There’s nothing wrong with them, as long as you understand how they work.
Like we mentioned just now, a paper wallet is simply ONE private key printed on a piece of paper.
One private key is matched by exactly one, and only one, public key. One public key means, for all practical purposes, one single address.
So, in short, one private key means one address. And that’s the “problem” with paper wallets – they can’t be used to generate change, AKA return, addresses.
Let’s use a practical example to see how this can be a problem.
You’re buying a Lambo using part of the balance in a paper wallet. You load your Bitcoin private key into a modern wallet and send the funds to a hot wallet.
What happens during this first transfer is determined by how this “modern” wallet is implemented!
If the wallet generates a new change address for each transaction, then your paper wallet funds will get 100% send out : the requested amount goes to the target address, and the rest goes to the change address. The change address now contains the rest of your original paper wallet balance. If you want to keep those BTC in your paper wallet (not recommended after the first use) then you must explicitly send the Bitcoin back to the original paper wallet address. Note : the change does not automatically get sent back to the original paper wallet.
The worst case scenario here is you delete the newly created modern wallet after its first use. Then the change, which didn’t go back to the paper wallet, is lost. Always make sure to check where the change got sent before destroying the newly created hot wallet.
Now, imagine you’re buying a Lambo using your Avalanche AVAX balance.
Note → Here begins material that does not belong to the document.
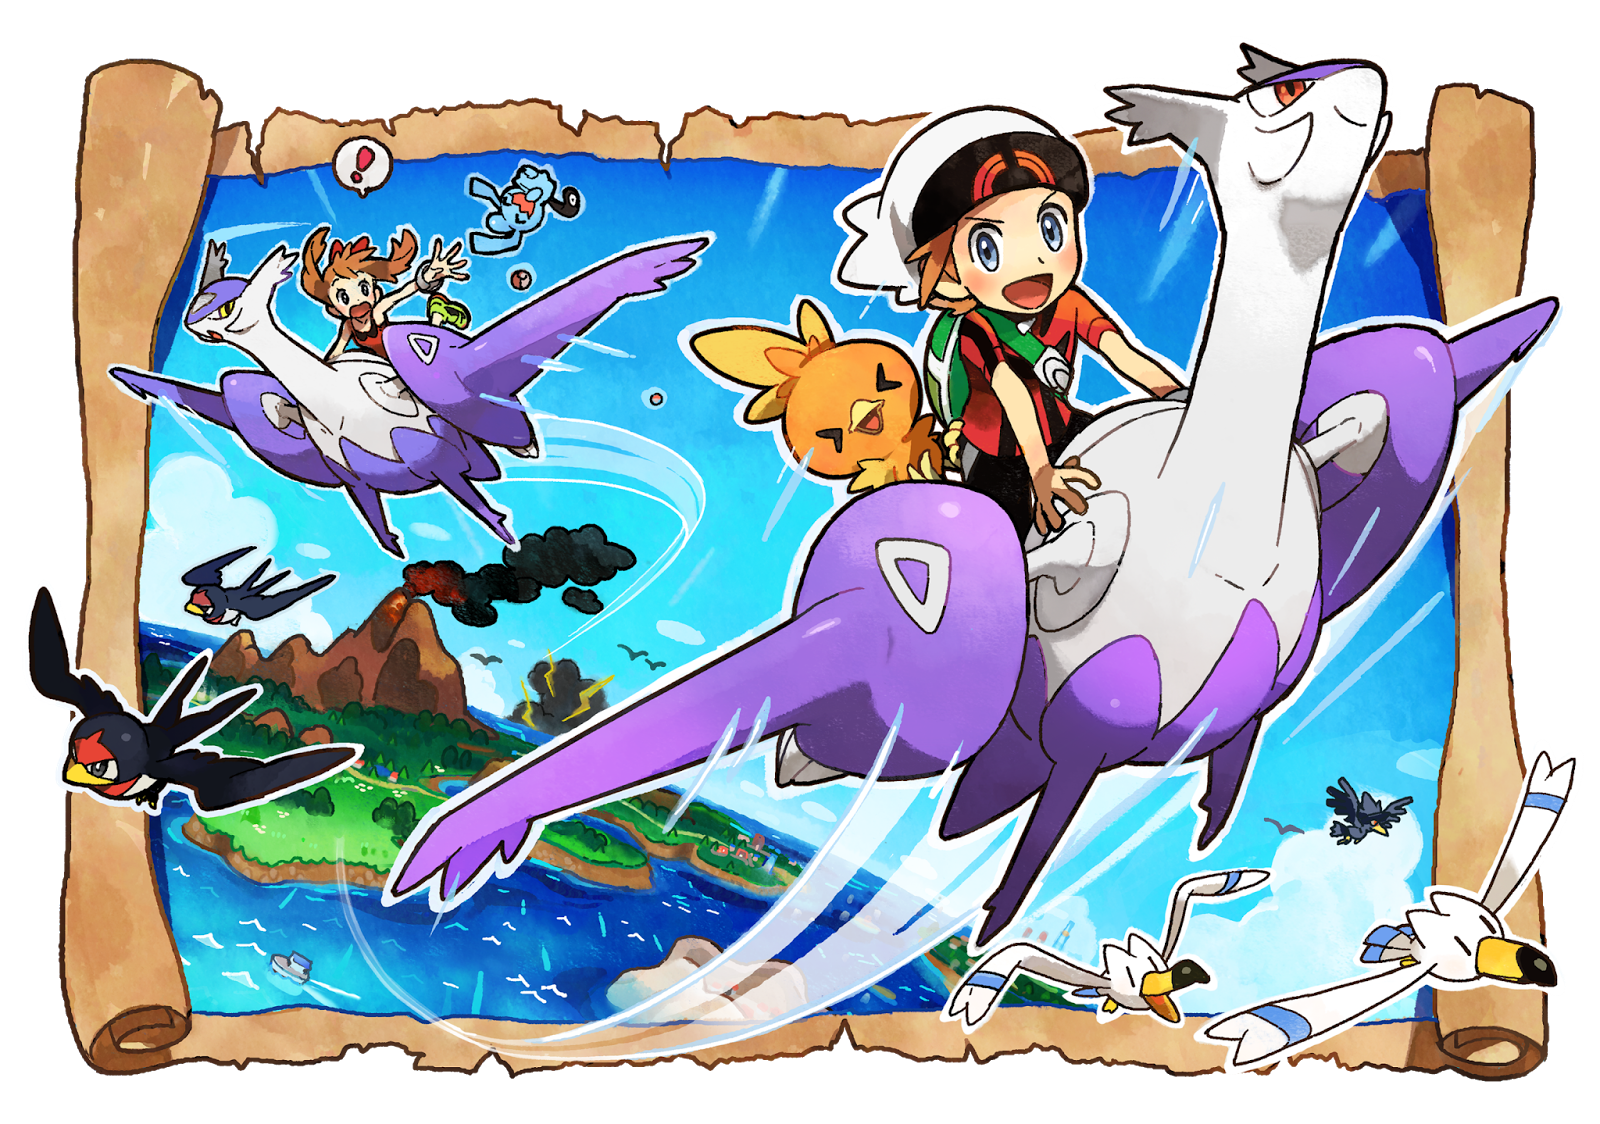 pokémon omega ruby and alpha sapphire   pokémon wiki   fandom

Avalanche has a special wallet implementation just for this!
You load your cold wallet private key into Avalanche Wallet:
Then, send 500 coins to the hot wallet. The Avalanche wallet is smart enough to know that a wallet loaded from a private key using the above form is what we call a “singleton wallet”, which only has one address. So, Avalanche will automatically send the change back to the paper wallet address itself. Problem solved.
Note: this solves the paper wallet problem, but is definitely not recommended. You should always create a new, unused, paper wallet and send the funds there manually. Keys shouldn’t get reused, and paper wallets only hold one key.
When using paper wallets, never mix it with a modern wallet of any kind. And if you do, then don’t expect, or assume, that the funds were returned to the original wallet after a transaction.
There are countless wallet implementations – and most modern ones use a privacy-centered scheme where there’s a new change address generated for each transaction. In those cases, your remaining paper wallet funds may go to a change address and not back to the paper wallet. Make sure to double-check both the new hot wallet and the old paper wallet before you consider the transaction finished.
The safest way is to create a new paper wallet and manually send the remaining funds there once you’ve verified the payment you needed to make. If using Bitcoin, then send the funds back to a new paper wallet, make sure that they’ve been correctly deposited with at least 3 block confirmations. After you’ve made sure the funds are where you expected them to be, only then can you throw away the old wallet without making an expensive mistake.